Managing employee failure in an organization

By on September 22, 2012

The terms ‘failure’ and ‘success’ have been perceived in an absolute sense of being negative and positive respectively. Failure has always been avoided and success on the other hand is welcomed. Though everybody avoids failure, yet they differ in their ways. It is very important for a leader to understand different reactions to failure and how to manage them in a positive way. It is because failures demotivates employees and have a negative impact on their productivity.  Let’s explore the different reactions of employee failure and how these reactions affect organizational well-being.

Reactions to employee failure and their impact

Employee failure is avoided commonly in three alternative ways:

  1. Employee failure occurs and the one responsible stops taking risks. This is done with a view to avoid failure in future. If the employees start avoiding risks, this may adversely affect their creativity and talent. This also develops an organizational culture of non-experimentation and discourages innovation.
  2. Employee failure occurs but it is denied. It is because failure has always been conceived negative, so the person tries to pretend as if nothing has happened. This gives rise to a tendency of manipulations and frauds among employees. They try to hide their failures. This further leads to the development of an unethical corporate culture.
  3. Employee failure occurs and the person knows he/she is responsible, but still transfers blame on someone else. Employees indulge in a blame game and instead of accepting the failure, transfer it.
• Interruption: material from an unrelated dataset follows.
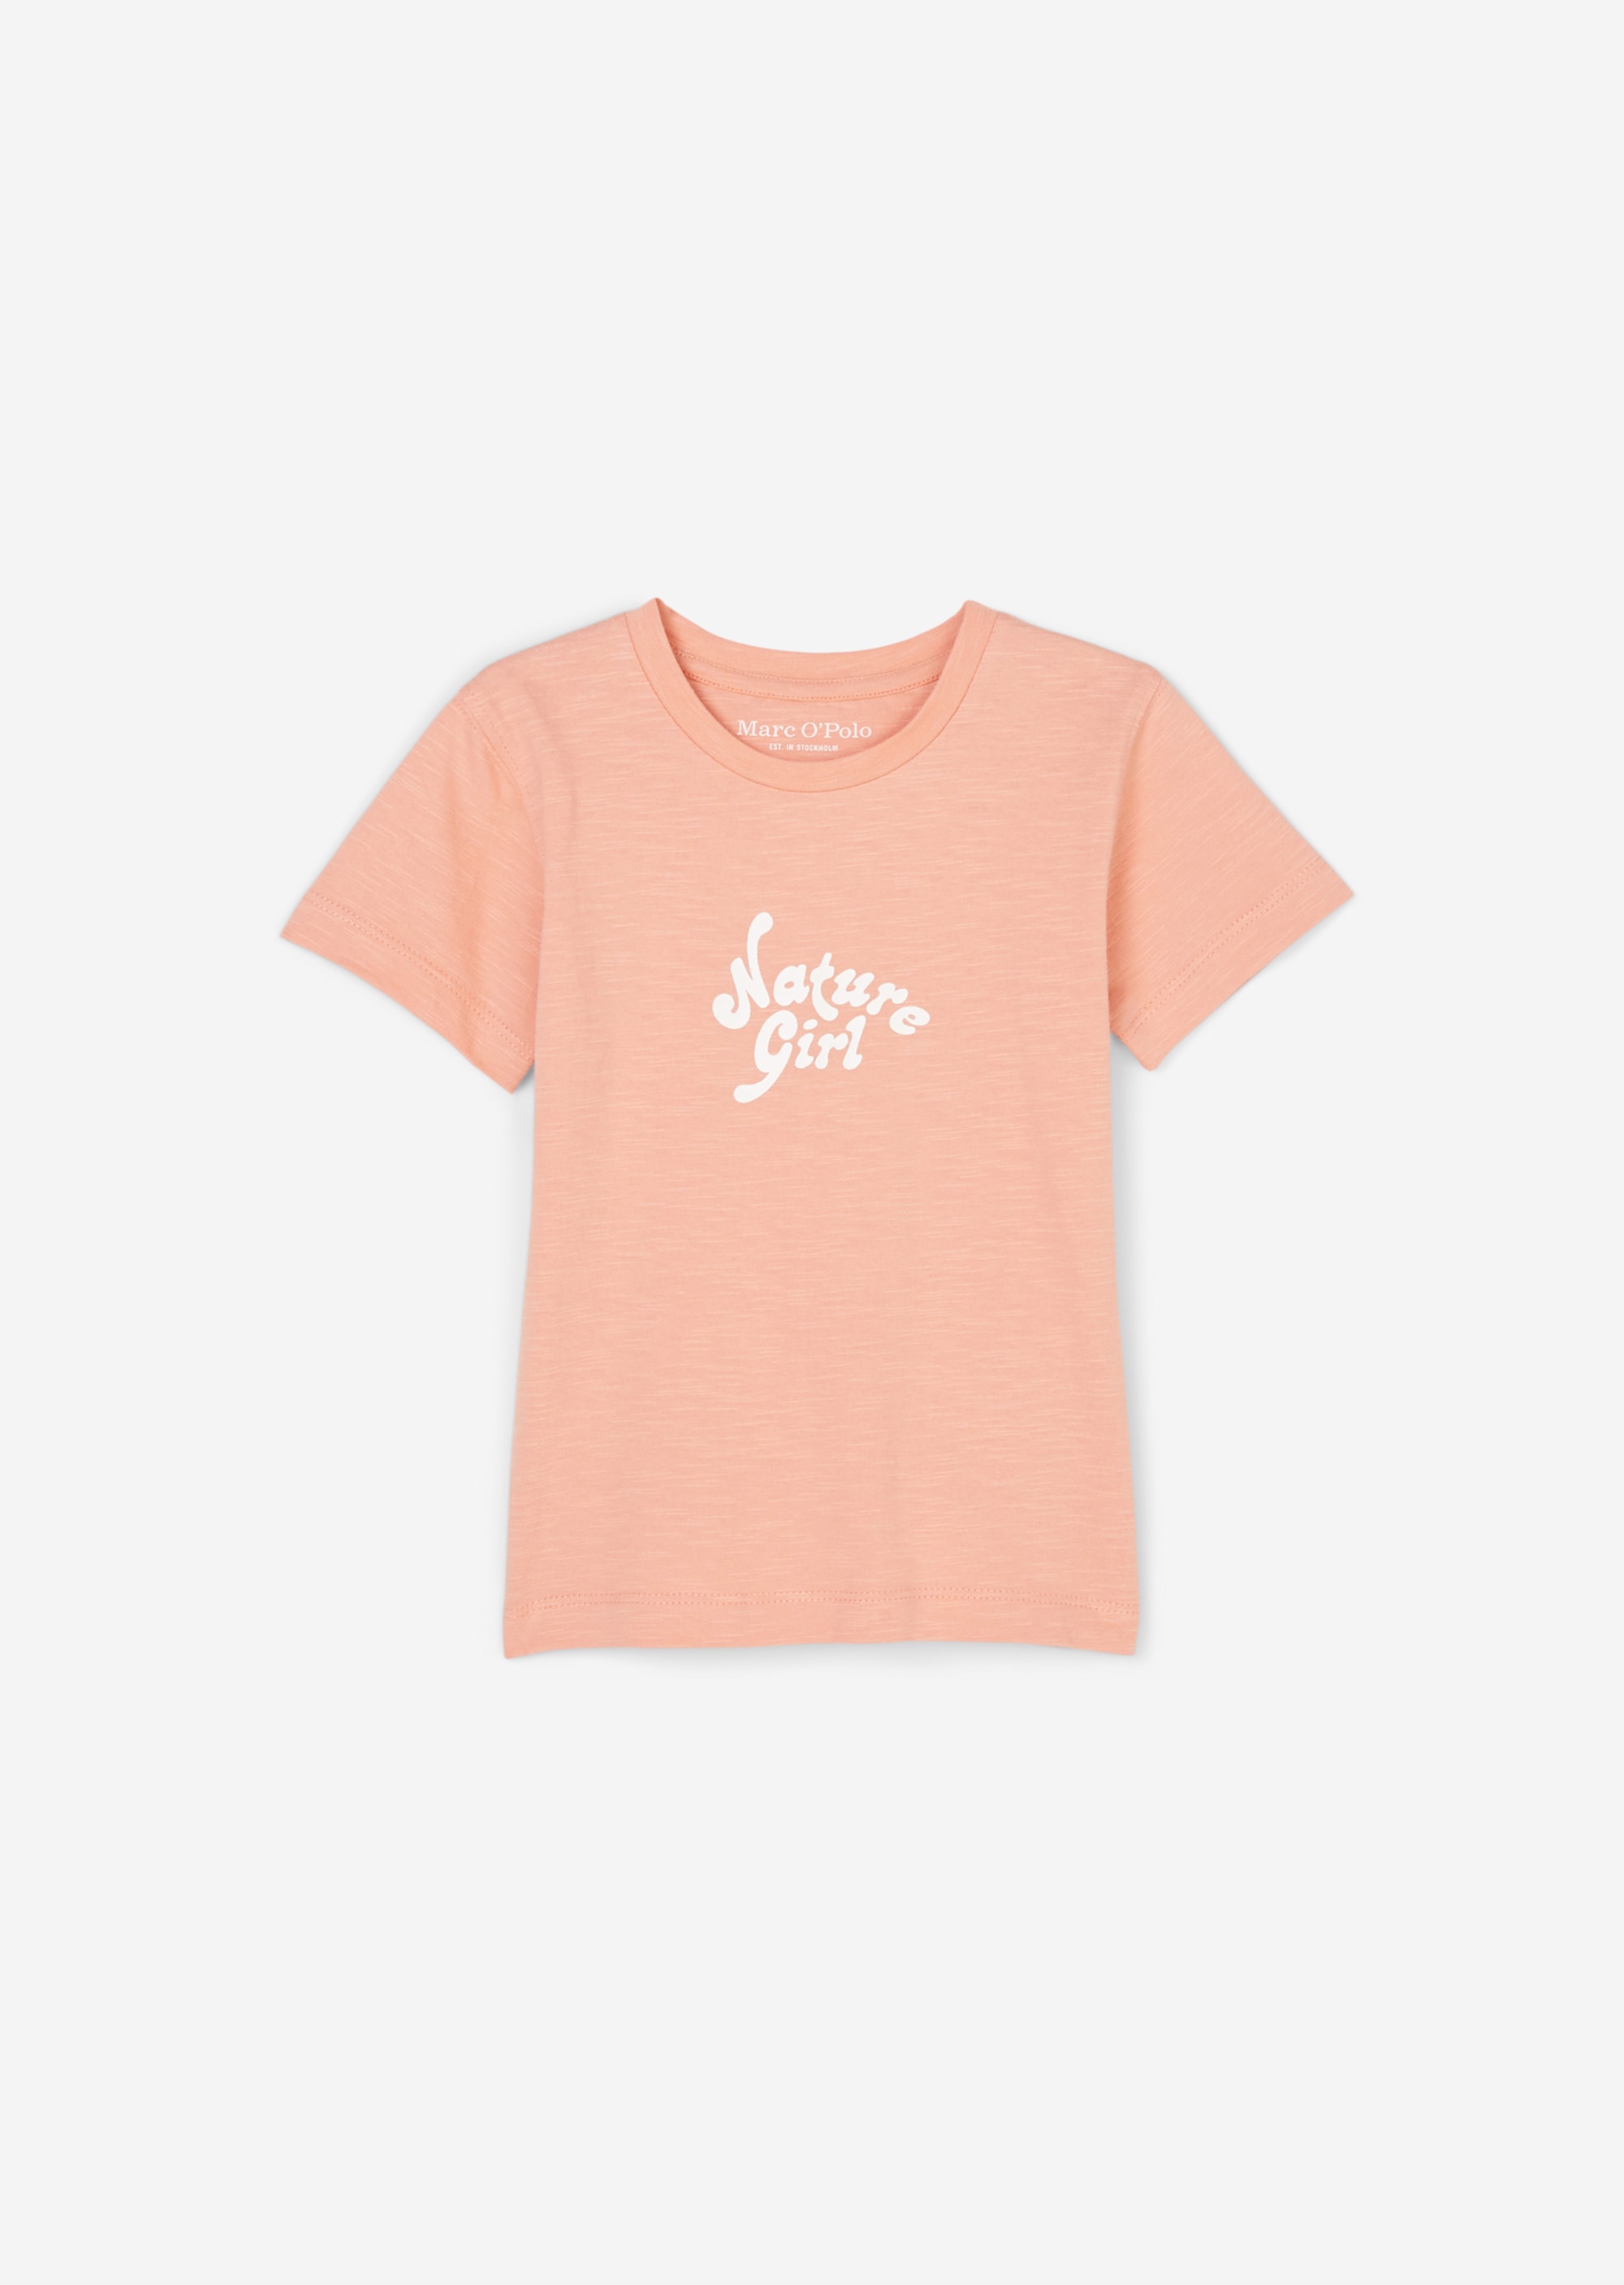 Marc OPolo Girls T-Shirt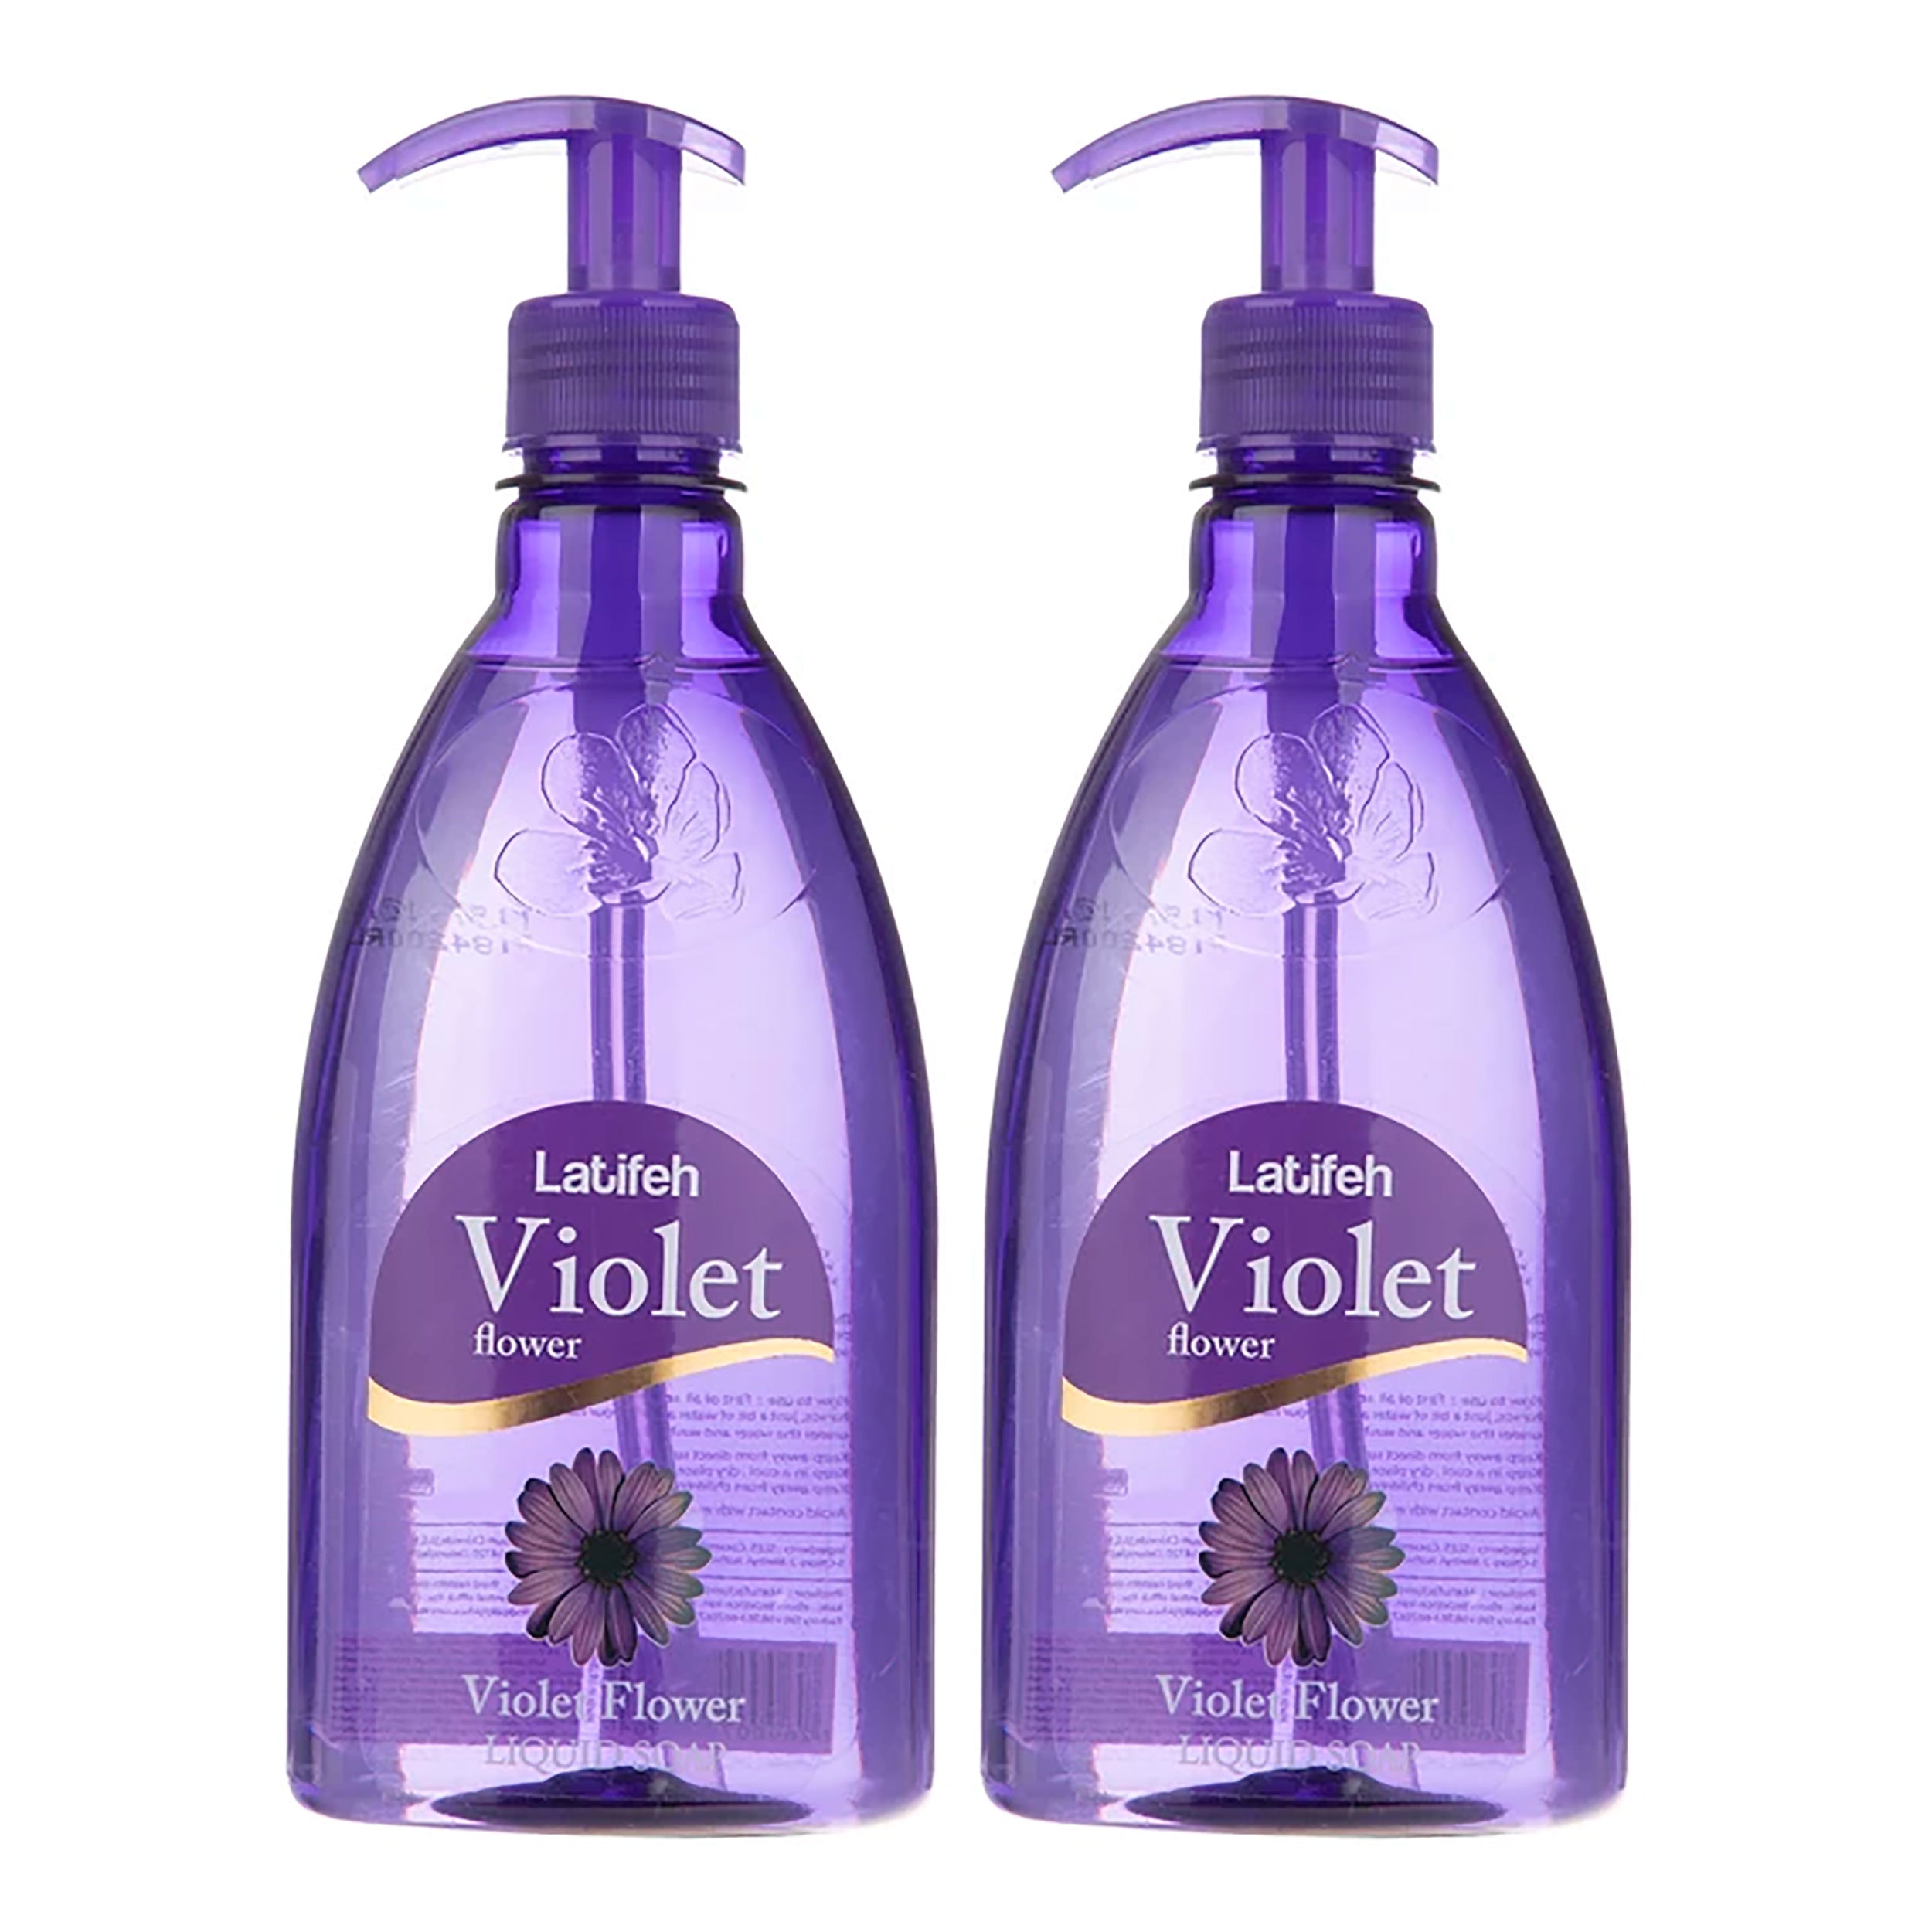 مایع دستشویی لطیفه مدل Violet Flower حجم 400 میلی لیتر بسته 2 عددی

This promotes internal conflicts and leads to low productivity, lower job satisfaction, and high stress levels among employees. The result is a higher employee turnover rate for the organization.

So, all the above three ways of reacting to failure are harmful to organization’s well-being in the long-run. The question arises how to manage failure?

Managing employee failure

A good leader is always aware that reactions to employee failure depends largely on the personality type.  Therefore it is important for the leaders to understand personality types and the way each personality type reacts to failure. Employee failures often lead to a feeling of probably not being trusted by the leader in future. Therefore nobody should be blamed for failure without deep research and proper evidence. The emotional intelligence of the leader is important to empathize with the employees.  Employees should be made to feel free not only to disclose their failures but also discuss their failures with the leader. This way they would perform optimally without any fear of being criticized or terminated and would enhance innovation in the organization. Moreover, employees should be made to perceive failures as a means of continual improvement and growth. Growing competition in the marketplace demands learning from failures and not avoiding failures.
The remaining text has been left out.